Hungry for emotional bonding, he turned to the streets of his rough neighborhood in Oakland and a mixed-race crowd of friends who lived on the edge. To overcome a legacy of physical fear Bob flung himself into street brawling and other more dangerous peer rituals. One day the gang decided to burglarize the store of a Chinese merchant who dealt numbers, hoping for a big haul. They were immediately caught, and Bob was packed off to reform school for a year.
He emerged determined never to foul his life that way again. Soon after, he met Mary. To her, Bob seemed self-confident and courageous, things she felt she wasn’t. He was mature, a man of the world, not one to be manipulated by anyone. Slender, blue eyed, with rugged good looks, Bob could thank his Scottish heritage for his air of understated charm. He was not equally stricken, but he felt at ease with Mary, and she was comfortable with him. Mary’s obvious neediness and lack of self-assurance appealed to his masculine, protective side. And even though Ophelia opposed the match, Bob was at first highly impressed with the Harrisons, who, at least externally, seemed to be a large, happy, normal family — something he had never enjoyed.
Before long, Bob and Mary launched into an affair. Mary graduated from Oakland High School with barely passing grades (the only book she read through to the end was Rebecca) and took a twenty-dollar-a-week job as an elevator operator at Capwell’s department store in Oakland. She moved from home to a rented room in a hotel in Oakland, where Bob covertly spent many nights. For Mary the romance was wildly passionate yet tinged with guilt, especially after she had accepted Christ and been baptized during a brief visit to her grandparents in Florida.
Within seven weeks of their meeting, Bob proposed. “I want to hold you forever,” he said. He bought, on account, an engagement-and-wedding-ring package for four hundred dollars, the bill cosigned by Mary’s mother. But they delayed marrying for nearly two years while Bob worked toward his electrician’s license and they saved money.
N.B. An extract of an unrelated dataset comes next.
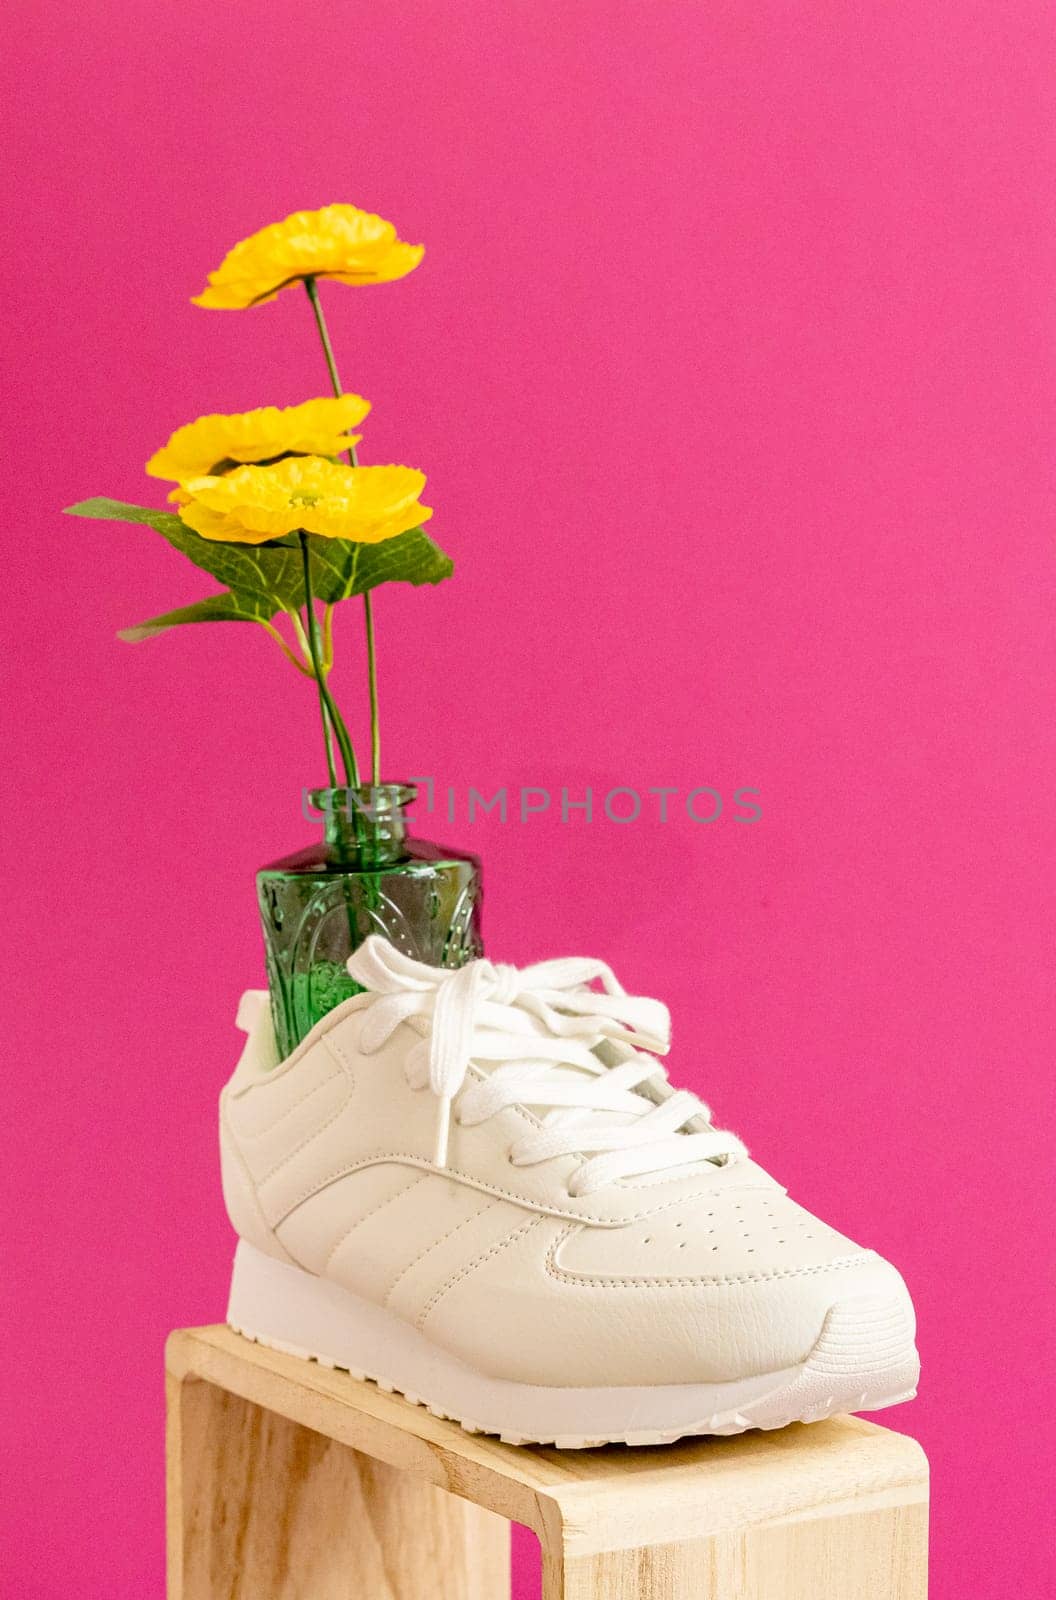 One modern fashionable white sneakers on a wooden box with a vase of yellow flowers in them stand on a lilac-pink background, close-up side view. Fashionable shoes concept.
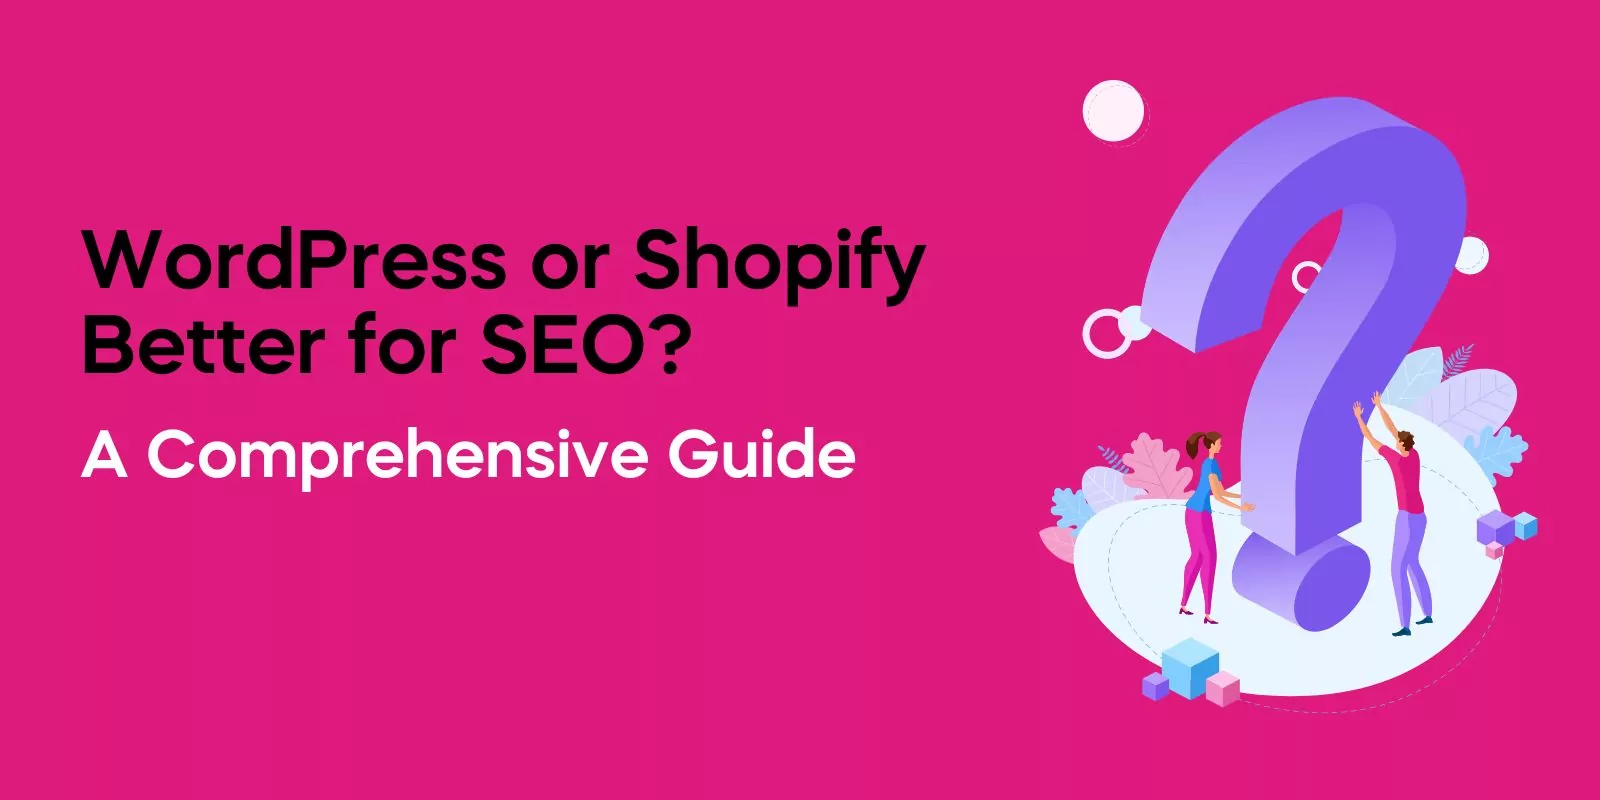 Is WordPress or Shopify Better for SEO? A Comprehensive Guide

Finally, in July 1955, they drove to Reno with Mary’s sister Jean and her husband, to be married by a justice of the peace. Bob was down on religion and had resisted a church wedding. Mary had borrowed a navy blue taffeta dress from her mother and had bought a new pair of shoes. Bob had purchased a jacket, slacks, and shoes.
The ceremony, in a little office space, took about five minutes. It was not very romantic; the corsage Bob had bought her was wilted by the appointed hour. Still, the occasion was magical for Mary. The judge was friendly, and Bob’s kiss was lingering and passionate. For that moment everything was right with the universe.
Mary was twenty, Bob twenty-one. Each brought to the union separate images of marriage and family. With no role models in his life, Bob had not the least concept of “man and wife” or, for that matter, “parent.” His pictures came exclusively from books and movies. He was winging it. Mary, her head still filled with fears and insecurities, was determined to undo the mistakes of her own upbringing. No busy social whirl for her; no career. She would be a proper wife and mother. Her children would feel loved, welcome, and nurtured; their home would be a shelter. Together, Mary and Bob embarked on a Norman Rockwell journey in the midst of the complacent 1950s, unprepared for what lay ahead.